Disadvantages of flat files

Where flat files struggle are data updates.

To add a line at the beginning of a file, you have to move the whole thing. To change a line in the middle, you have to update everything that comes after.

Another problem is lack of a query interface.

You have to read all your files to compare, analyze, and search. If you didn't think of a use-case beforehand, you're left with a slow search through everything.

  • slow data updates, because you often have to rewrite more than just the changes
  • no data shape guarantees, because you can store individual data items any way you like. If you change your schema, you have to deal with inconsistencies, or rewrite your data
  • slow broad reads, because you lose benefits of read-through-cache, if you read data across your entire database with random patterns
  • no ACID compliance unless you build it yourself at the application layer

How to use flat files

A flat-file database happens any time you write data to files in a structured manner. Photos on your phone are a great example.

When you take a photo, your phone stores it as a file. Filenames often follow a naming convention – IMG_0001, IMG_0002, etc. Some cameras add dates.

Now you can sequentially access photos. Start at the beginning, go until the end. You can even keep track of how far you've gotten so you can jump ahead next time.

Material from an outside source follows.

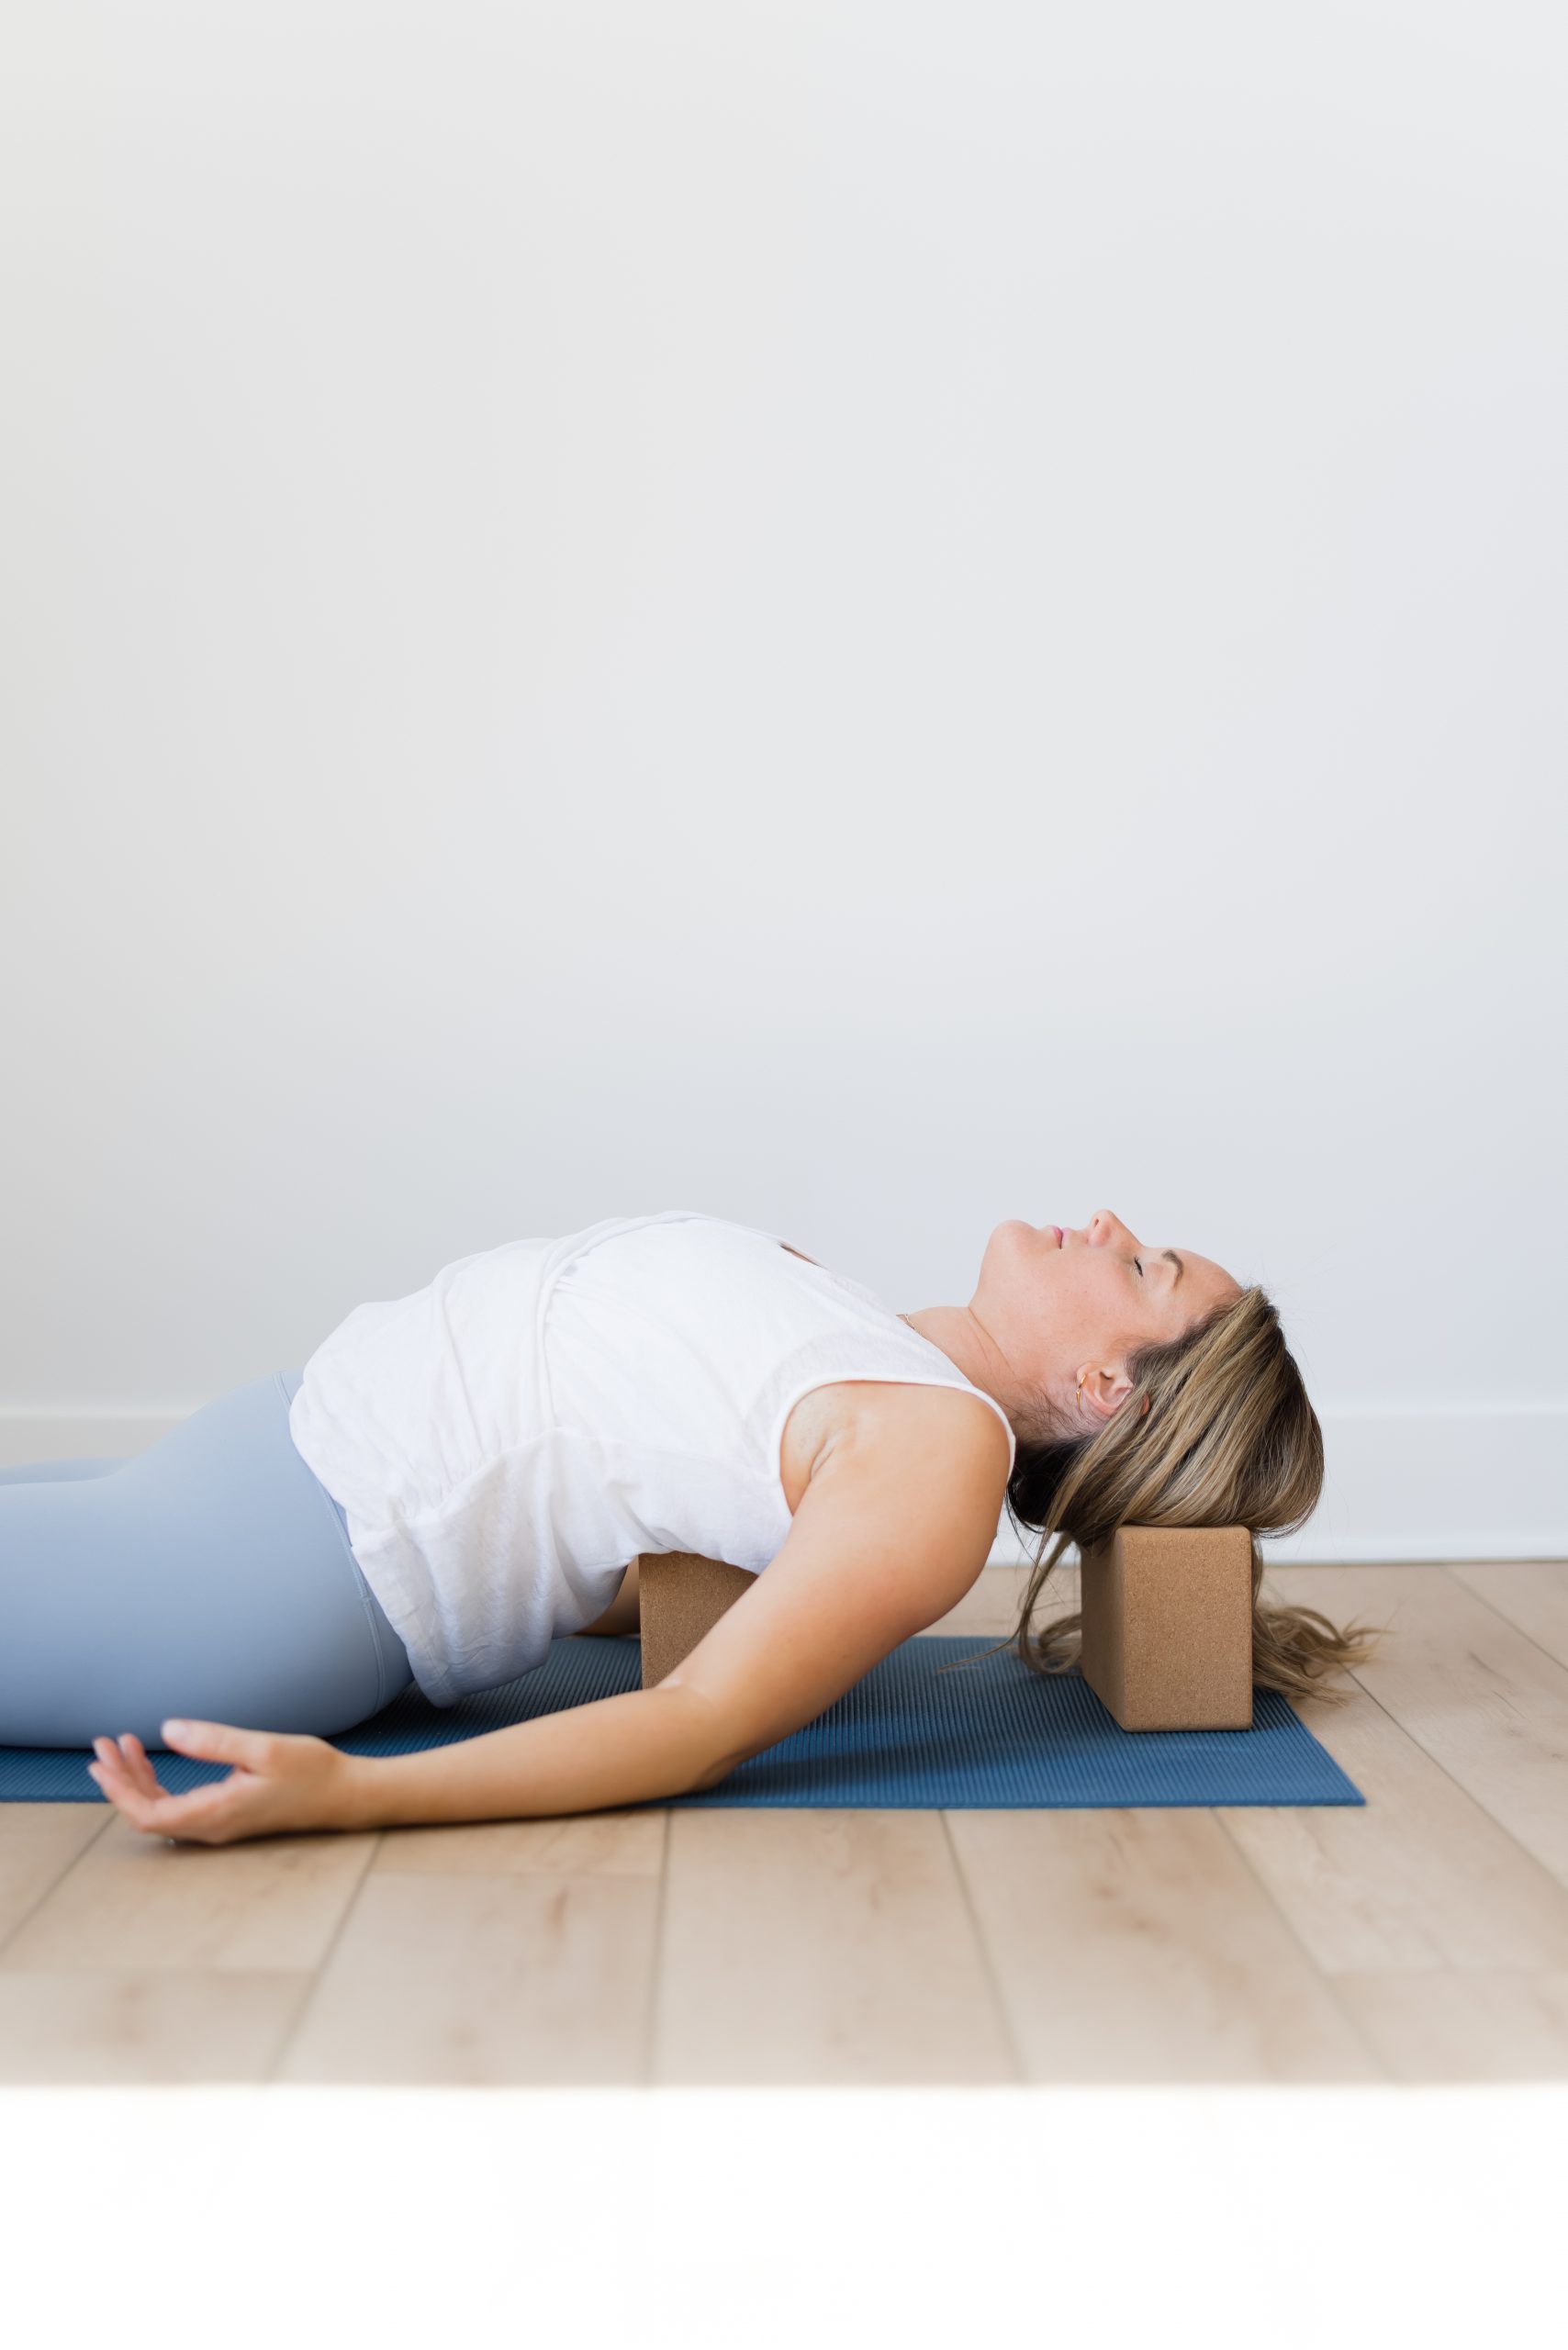 6 Key Benefits of Yin Yoga

What about finding all photos from a certain date?

That's why images contain EXIF metadata – information about date, time, GPS location, even phone orientation. It's all stored in the file in a structured way.

To find images from a certain date, you can search through your files and look at the metadata they contain.

Hierarchical and flat file organization

You can speed up seek operations by adding common search keys to your file names.

A good example is organizing photos by year - month - date. Each year is a directory containing directories for months. Each of those contains directories for days. Those contain photos.

Hierarchical storage slashes search speed by a huge factor. You can jump right into a specific category (date).

But hierarchical storage makes scanning harder. Counting all images now requires a recursive search through directories.

A better approach might be encoding your meta data in the filename. Something like IMG_${year}-${month}-${day}-001.jpg.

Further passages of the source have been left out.